Istaroxime, a dual action, luso-inotropic agent that’s still in clinical development, was granted fast-track designation by the FDA this month as a possible treatment for acute heart failure with reduced ejection fraction (HFrEF).
According to a release from Windtree Therapeutics, a Warrington, Pa., company that’s working to push istaroxime through to market, the agency’s August 13 designation will allow sponsors of istaroxime to communicate and interact with FDA officials more often, making the drug a priority that could receive quicker approval. The FDA reserves fast-track designation for drugs that could potentially address an unmet medical need—in this case HFrEF.
The designation is based on recently announced results from a Phase 2b study that found istaroxime improved cardiac function while maintaining or increasing blood pressure and decreasing heart rate during infusion in patients with acute heart failure. It’s injected intravenously and reportedly increases myocardial contractility through inhibition of Na+/K+ATPase. It also facilitates myocardial relaxation by activating the SERCA2a calcium pump.
Craig Fraser, president and CEO of Windtree Therapeutics, said in a statement the company was “very pleased” to receive the FDA’s designation for istaroxime.

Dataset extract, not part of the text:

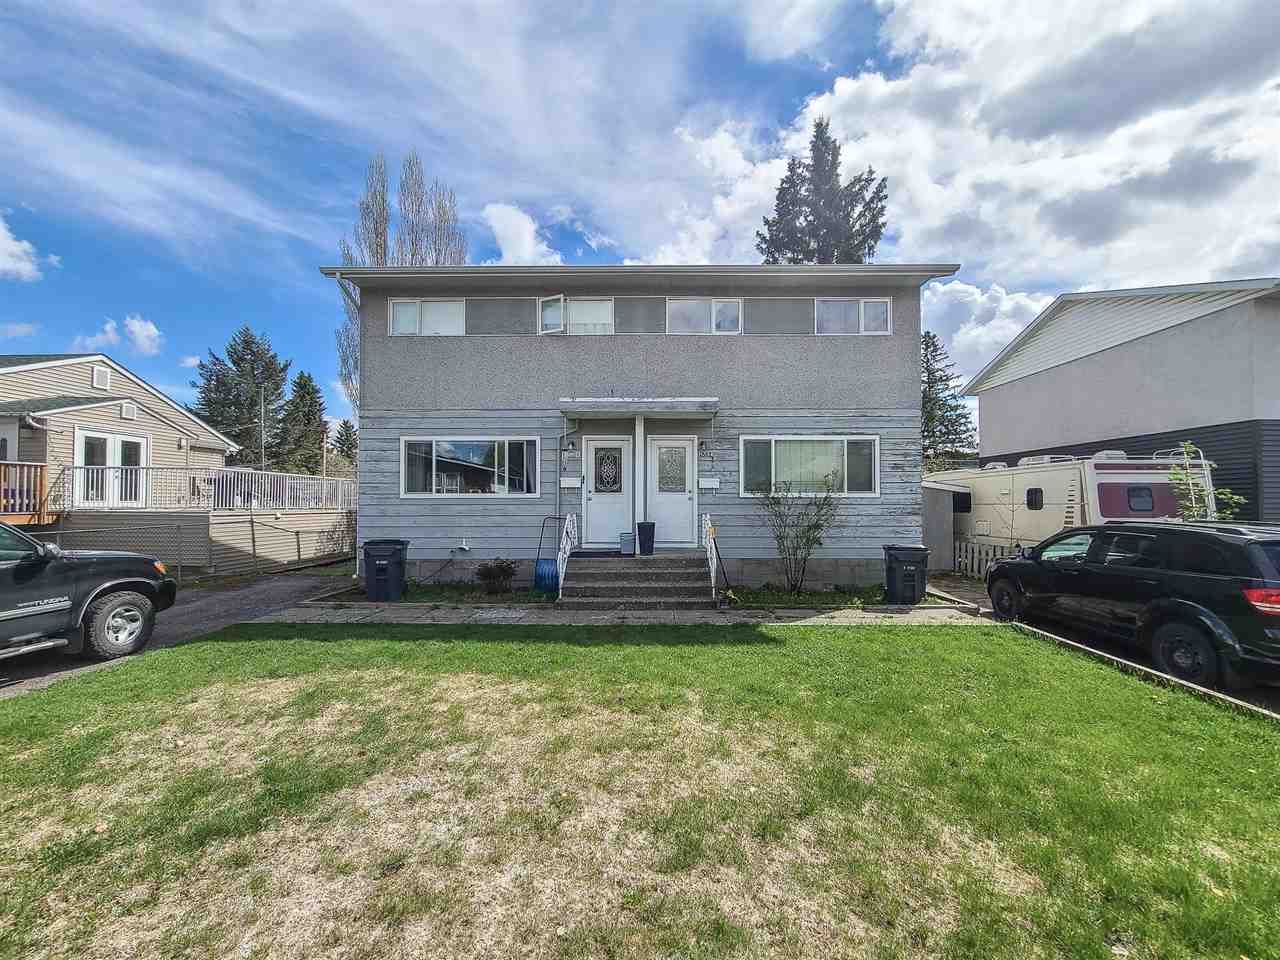 Main Photo: 1800 - 1802 KENWOOD Street in Prince George: Connaught Duplex for sale (PG City Central (Zone 72))  : MLS®# R2578564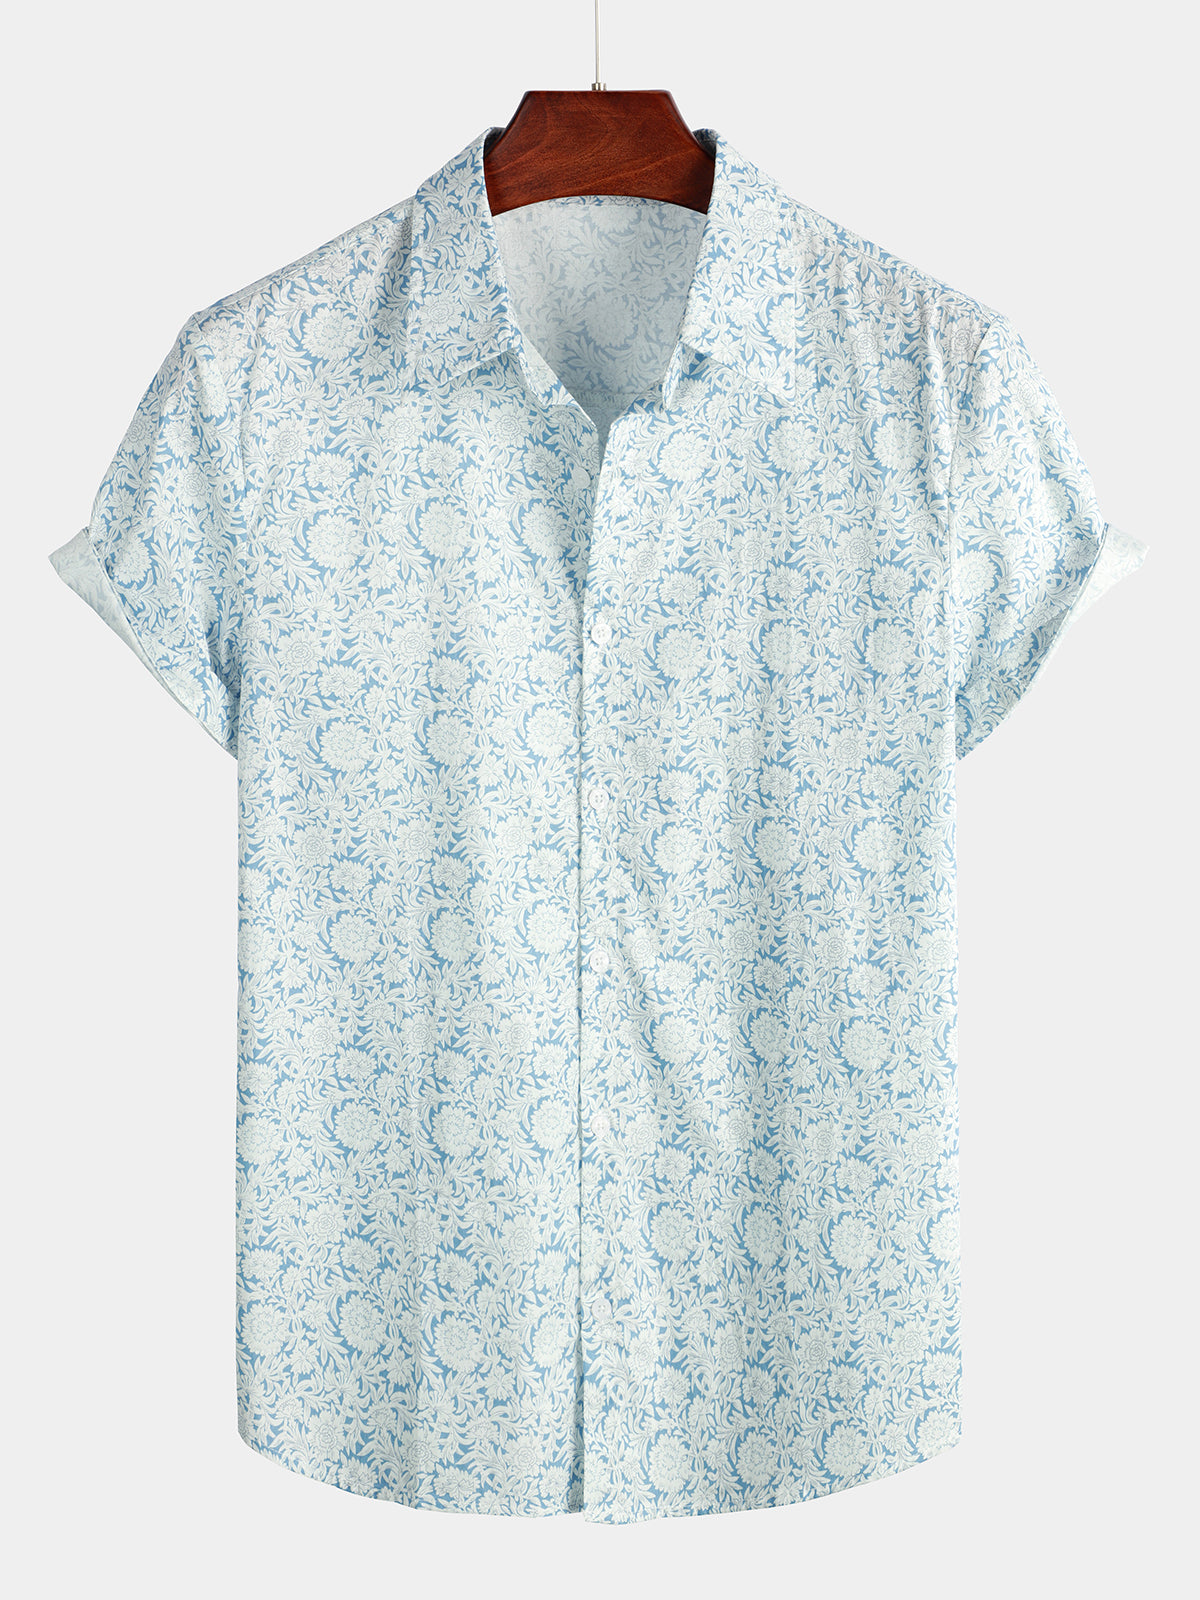 Men's Floral Printed Holiday Cotton Causal Shirt

“This fast-track designation for istaroxime underscores the significant unmet medical need to treat patients suffering from acute heart failure and the potential of istaroxime as demonstrated by the phase 2 clinical results,” he said. “Istaroxime is a novel, dual-action agent that impacts both the systolic and diastolic function of the heart. We look forward to continuing our work with the FDA and the cardiology community to advance istaroxime through clinical development and the regulatory approval process, with the goal of bringing to market a transformative therapy to treat acute heart failure patients.”